### [What the task requires]
Within the records below, filter for lines carrying the word "dress" and copy them.

### [Information supplied]
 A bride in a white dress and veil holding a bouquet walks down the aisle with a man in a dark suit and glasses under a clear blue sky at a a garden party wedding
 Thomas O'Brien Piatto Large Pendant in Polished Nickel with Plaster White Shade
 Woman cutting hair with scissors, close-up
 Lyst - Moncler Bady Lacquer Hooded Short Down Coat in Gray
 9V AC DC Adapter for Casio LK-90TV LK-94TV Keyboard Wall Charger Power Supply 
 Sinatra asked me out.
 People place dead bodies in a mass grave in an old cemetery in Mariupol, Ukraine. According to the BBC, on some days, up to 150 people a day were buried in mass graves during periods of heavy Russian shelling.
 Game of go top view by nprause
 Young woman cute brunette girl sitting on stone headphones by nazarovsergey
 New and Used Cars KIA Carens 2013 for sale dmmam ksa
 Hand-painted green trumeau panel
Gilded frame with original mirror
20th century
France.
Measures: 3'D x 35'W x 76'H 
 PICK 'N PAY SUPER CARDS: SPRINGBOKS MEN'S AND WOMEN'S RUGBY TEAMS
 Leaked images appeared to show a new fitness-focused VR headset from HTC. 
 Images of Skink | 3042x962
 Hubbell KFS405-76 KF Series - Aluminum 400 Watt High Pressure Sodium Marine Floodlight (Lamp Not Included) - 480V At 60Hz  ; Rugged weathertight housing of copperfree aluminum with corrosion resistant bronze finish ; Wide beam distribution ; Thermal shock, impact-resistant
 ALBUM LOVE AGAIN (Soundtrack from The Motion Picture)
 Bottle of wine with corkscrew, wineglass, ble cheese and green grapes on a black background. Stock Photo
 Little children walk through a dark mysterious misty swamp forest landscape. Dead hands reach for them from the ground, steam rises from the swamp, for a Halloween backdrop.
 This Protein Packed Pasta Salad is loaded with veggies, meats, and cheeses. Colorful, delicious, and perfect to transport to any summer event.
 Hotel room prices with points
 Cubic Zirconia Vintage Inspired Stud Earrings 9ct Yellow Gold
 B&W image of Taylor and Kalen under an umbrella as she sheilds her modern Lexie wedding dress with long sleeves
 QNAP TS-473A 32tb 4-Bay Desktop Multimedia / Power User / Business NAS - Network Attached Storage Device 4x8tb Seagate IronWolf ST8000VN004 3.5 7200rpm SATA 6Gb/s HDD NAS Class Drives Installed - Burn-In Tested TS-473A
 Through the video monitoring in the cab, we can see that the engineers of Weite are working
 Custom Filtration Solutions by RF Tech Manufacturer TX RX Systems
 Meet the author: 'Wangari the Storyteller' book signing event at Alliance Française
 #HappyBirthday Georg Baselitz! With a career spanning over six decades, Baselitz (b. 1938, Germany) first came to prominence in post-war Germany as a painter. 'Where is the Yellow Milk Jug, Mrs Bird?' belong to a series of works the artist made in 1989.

### [Task response]
 A bride in a white dress and veil holding a bouquet walks down the aisle with a man in a dark suit and glasses under a clear blue sky at a a garden party wedding
 B&W image of Taylor and Kalen under an umbrella as she sheilds her modern Lexie wedding dress with long sleeves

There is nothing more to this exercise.